Las compañías están empezando a percibir esta amenaza. El 60 por ciento de los ejecutivos de todas las geografías que participaron en una encuesta reciente de McKinsey prevén que cerca de la mitad de la fuerza laboral de sus organizaciones deberá ser re-capacitada o reemplazada en los próximos cinco años. Un 28 por ciento adicional de los ejecutivos cree que esa cifra será superior al 50 por ciento de sus planteles, y más de un tercio de los participantes afirmaron que sus organizaciones no están preparadas para enfrentar las futuras brechas en las competencias.1

Las implicancias competitivas son profundas. Las organizaciones que esperan beneficiarse con una transformación digital o una nueva estrategia prometedora no llegarán muy lejos si carecen de los talentos necesarios para hacerlas realidad. Lo que hoy día puede parecer una inoportuna falta de talento, podría convertirse en un déficit competitivo letal en un futuro no tan lejano.

¿Cómo pueden prepararse las organizaciones para lo que está por venir? Para comenzar, es necesario adoptar una perspectiva más expansiva y dinámica de la disponibilidad de talentos, que deje de lado la preocupación habitual por los cargos y los roles tradicionales y en lugar de ello ponga el foco en las habilidades subyacentes de las personas. De hecho, observamos que cuando las compañías comienzan por las competencias – las que necesitan, las que ya poseen y cómo variará ese mix con el paso del tiempo –, es posible estimular las ideas y hallar formas más creativas de suplir los inevitables desfases.

En este artículo les mostraremos cómo están lidiando las organizaciones más adelantadas con estos desafíos, y describiremos maneras en que los CEOs y los altos ejecutivos pueden desencadenar avances tangibles, prácticos y por lo general beneficiosos tanto para el empleador como para el empleado. A menudo, dar el primer paso puede ser tan simple como preguntar: Para nuestras cinco competencias principales, ¿estamos escasos o atiborrados de talentos?

Los cambios son moneda común

Analicemos el caso de un banco europeo cuya posición en el mercado estaba amenazada por nuevos competidores con mayores conocimientos digitales.
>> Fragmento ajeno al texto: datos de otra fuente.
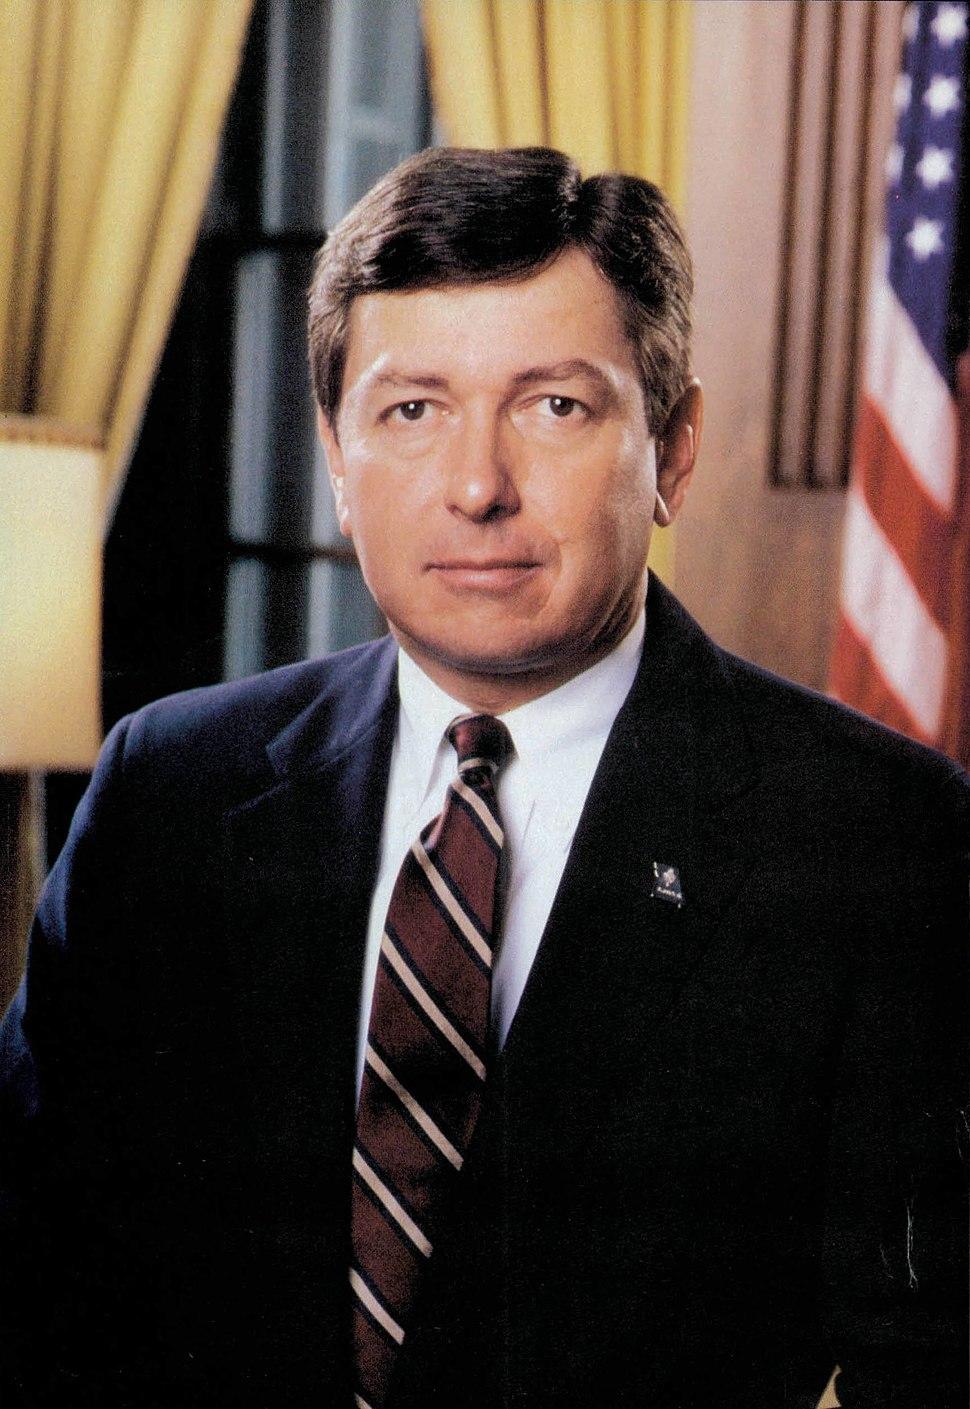 John Ashcroft official photo as Governor

Los cambios en el escenario competitivo requerían acciones, pero cuando los líderes del banco compararon la respuesta estratégica propuesta con una proyección a tres años del pool de talentos de la institución, notaron un desajuste. El plan parecía adecuado, pero los ejecutivos dudaban de que los empleados pudieran ejecutarlo.

Por ejemplo, en poco tiempo el banco tendría un importante déficit de competencias en su unidad minorista, particularmente entre los gerentes de sucursal, cuyo rol debía mutar e incorporar capacidades como expertise en ventas, foco en el cliente y conocimientos digitales, conforme a la nueva estrategia. Mientras tanto, el grupo de TI del banco se enfrentaba al mismo tiempo a sobrantes y faltantes de talento: las competencias de programación serían insuficientes, mientras que las de infraestructura de TI superarían la demanda. Para complicar las cosas, el banco estaba obligado a observar estrictas regulaciones y restricciones laborales que dificultaban los despidos. Cualquier solución posible requería flexibilidad y pensamiento creativo.

Para responder a ese desbalance, el banco diseñó una serie de intervenciones. Entre otras acciones, el banco está desplegando programas de capacitación para preparar a sus oficiales de banca minorista para los componentes de su trabajo susceptibles a cambios; en toda la organización, programas de reconversión y actualización (incluidos nuevos conocimientos digitales y analíticos) ayudan a los empleados a hallar nuevos roles en la compañía. Otros empleados recibieron ofertas de puestos a tiempo parcial, una opción más atractiva para quienes se acercan al retiro.2

Por último, para algunos empleados, el banco está explorando alternativas de transferencia a organizaciones sin ánimo de lucro, donde ambas organizaciones se hacen cargo de una parte del salario del empleado. En principio, esto beneficia a todas las partes: la organización sin fines de lucro (que recibe un recurso talentoso por menos dinero), los empleados (que llevan a cabo tareas de gran relevancia aplicando conocimientos muy demandados), e incluso el banco (que paga menos por capacidades que posee en demasía y al mismo tiempo mejora su visibilidad en la comunidad).

Pese a que el abordaje completo está aún en fase de desarrollo, el ejemplo resulta instructivo no solo por su extensión sino también por la perspectiva de sus líderes. En lugar de limitarse a observar su fuente de talentos desde la óptica de los cargos o roles tradicionales, que después de todo están mutando, los ejecutivos se propusieron adoptar una visión más objetiva y fundada en las competencias de los recursos. En el mismo sentido, la experiencia de este banco subraya la importancia de dejar de lado por un momento hipótesis establecidas acerca de los roles más relevantes, ya que esta opinión prevaleciente puede haber perdido validez o estar influenciada por sesgos.

Talento: ¿Escasez o sobreabundancia?

Para ajustar las competencias de toda la fuerza laboral se requiere una mezcla de rigor y creatividad, además de un firme compromiso y atención de la alta dirección. Una buena manera de estimular el debate a nivel ejecutivo sobre la disponibilidad de talentos es tomar prestados algunos conceptos de la “ciencia lúgubre” y analizar las competencias en el contexto de su escasez o sobreabundancia.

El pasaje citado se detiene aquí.